The show was such a success with Five Boroughs that Michael Barrett urged us to bring it to NYFOS the following year. “And this is how all our shows should be: 75-80 minutes, no intermission, compact, contemporary.” “Manning the Canon” went from being the unwanted child to being the poster child for NYFOS. Our 2010 revival earned us a startling rave review from Anthony Tommasini at the Times—I never thought we’d earn his approval by programming Cy Coleman—and we brought it back once more in 2011. That night I promised myself that I would program “MTC” for the 50th anniversary of Stonewall. I could not have anticipated what a big hoopla June of 2019 was going to be, nor did I have an inkling of the political background we’d be encountering. I just knew I wanted to commemorate the birth of the Gay Movement with this material and a cast of brothers.

Two of those brothers have been in every iteration of the concert, Matt Boehler and Scott Murphree. I can’t imagine this show without them.
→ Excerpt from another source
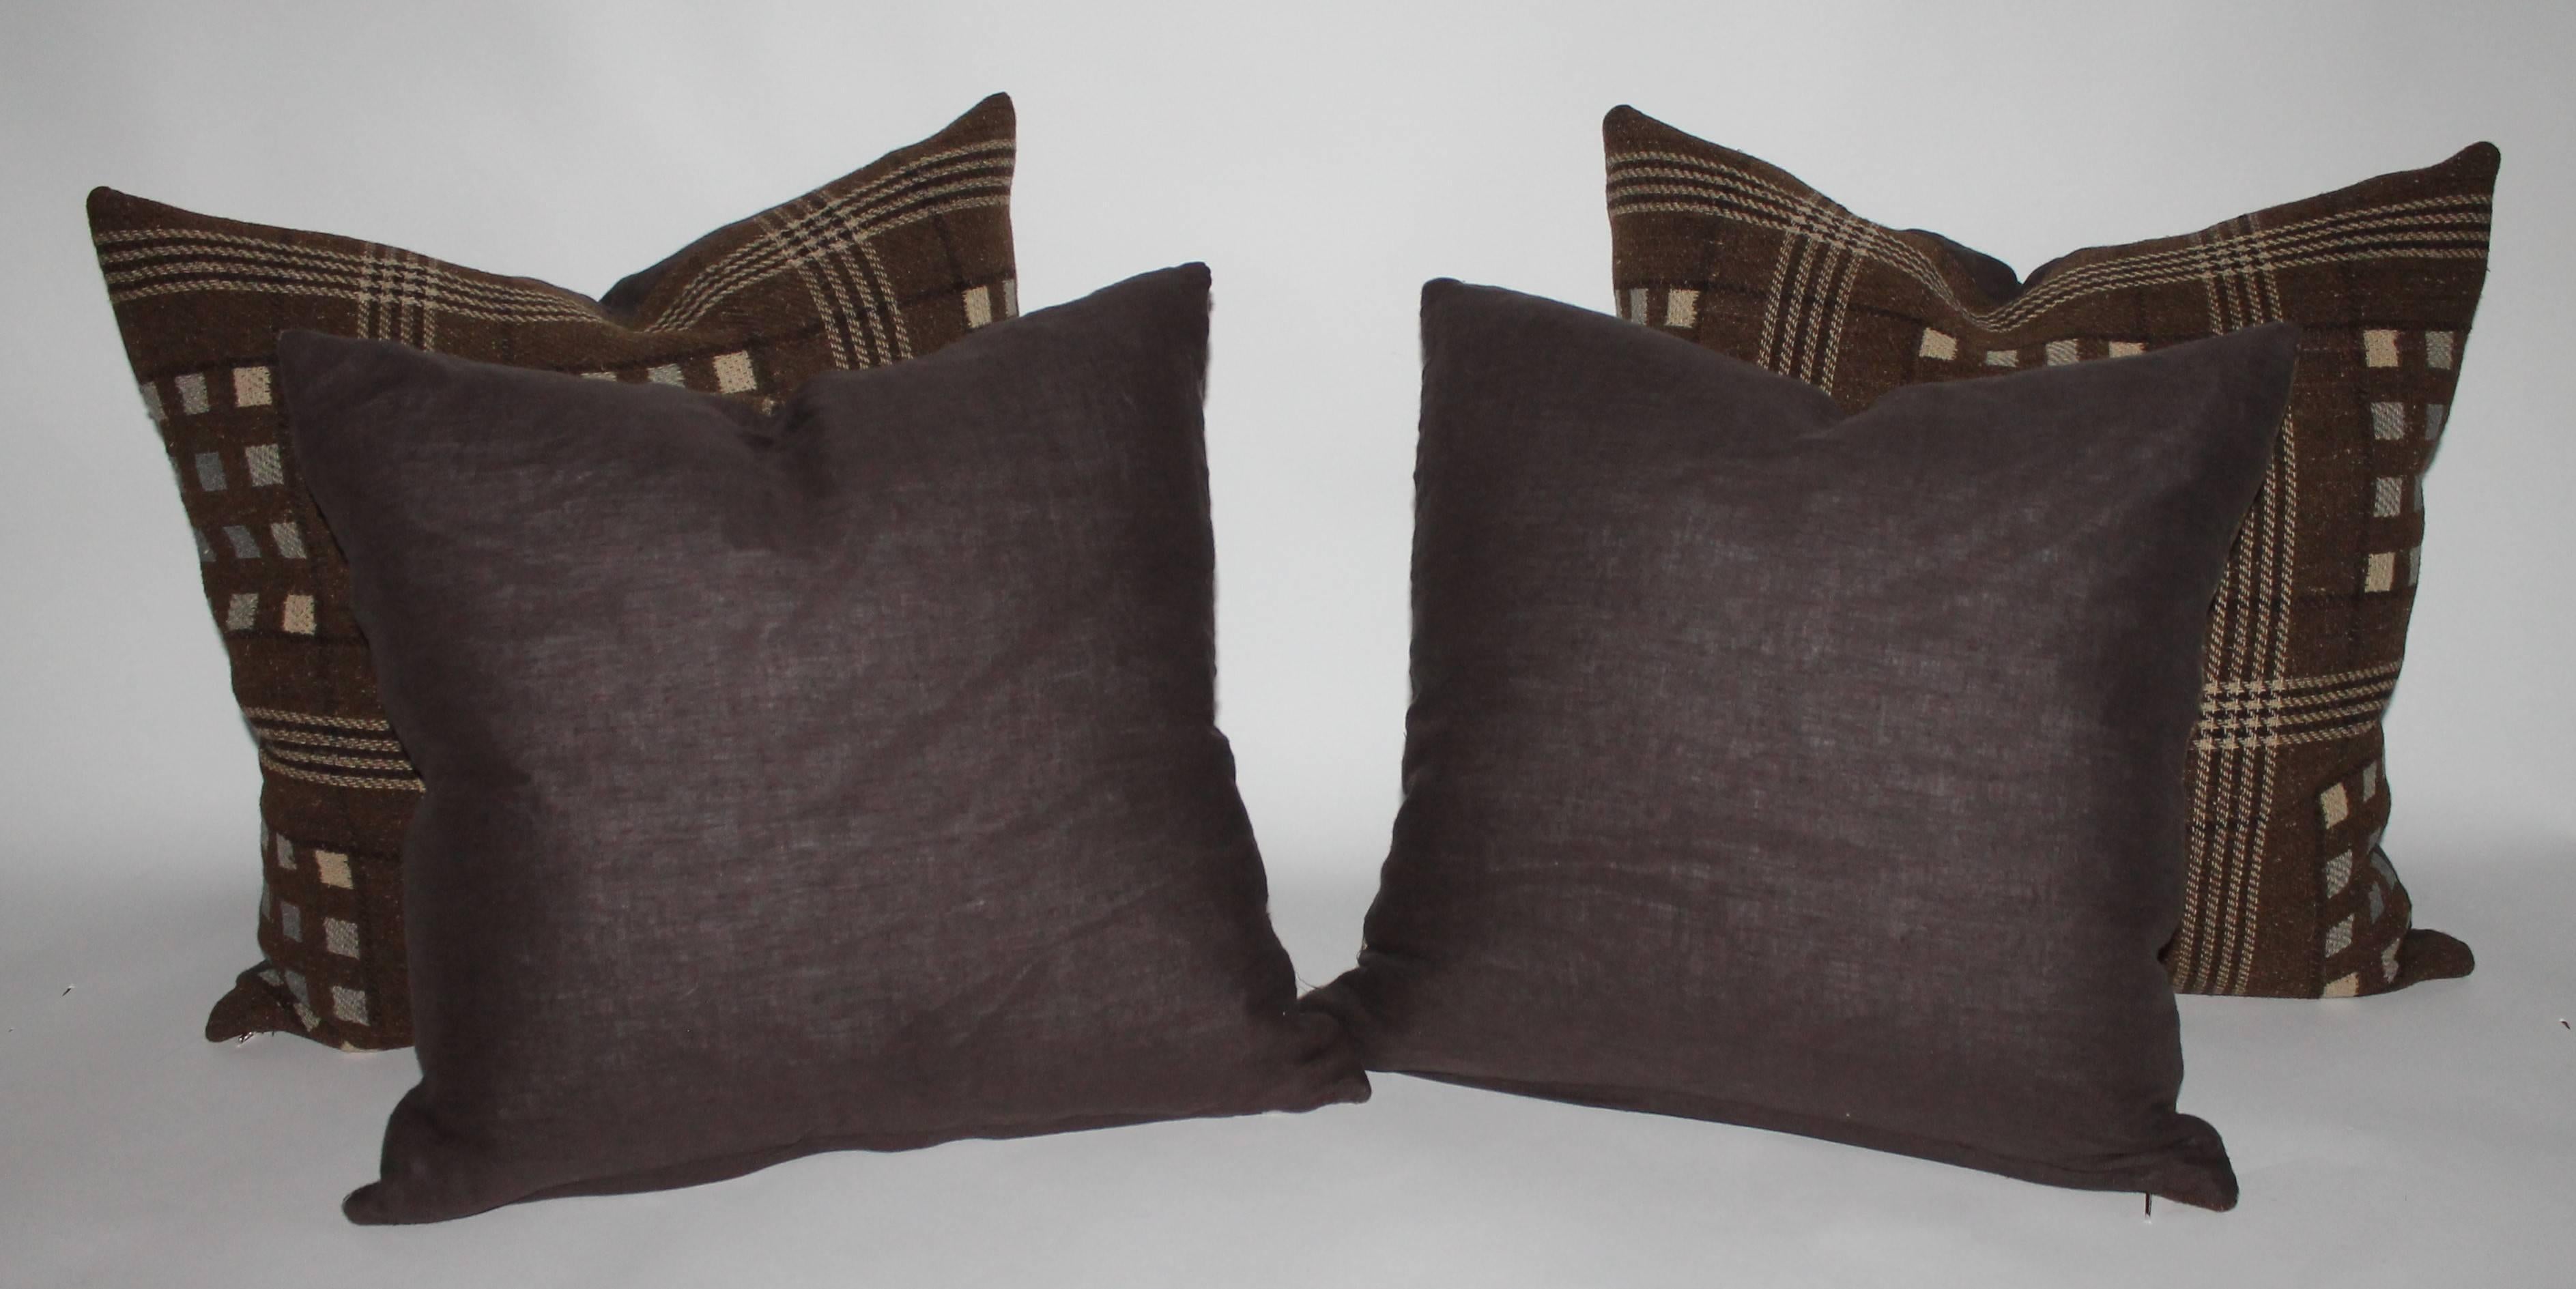 Hand-Woven Pair of 19th Century Wool Horse Blanket Pillows

This year we’re adding in two newbies: baritone Efraín Solís, who recently sang our Lorca concert, and tenor Daniel McGrew, making his NYFOS debut. I look forward to watching Matt and Scott teach them the choreo for “You’re the Top,” our closer.

I chose Poulenc’s “Montparnasse” for today’s song. We do it in a section of art songs about romantic fantasy. Apollinaire’s poem is a self-portrait that recreates his early days in Paris after he emigrated from Rome.  His poem looks at his young self with rueful self-deprecation, but Poulenc’s music fixates on the wide-eyed blond teenager with an unmistakable cloud of desire. Apollinaire conjured up a 19-year old with clothes from Old Navy. Poulenc transforms him into an Abercrombie model. He may be dumb, but with those looks, who cares? 

Here is Ian Bostridge, with my friend Julius Drake at the piano. I don’t think of Bostridge as a sexy musician—meticulous and scholarly is how I’d describe him. But he and Drake create a gorgeous, gauzy mist in their performance of “Montparnasse.” Chapeau, gentlemen. 

POULENC/Apollinaire: Montparnasse (Ian Bostridge, tenor; Julius Drake, pianist)         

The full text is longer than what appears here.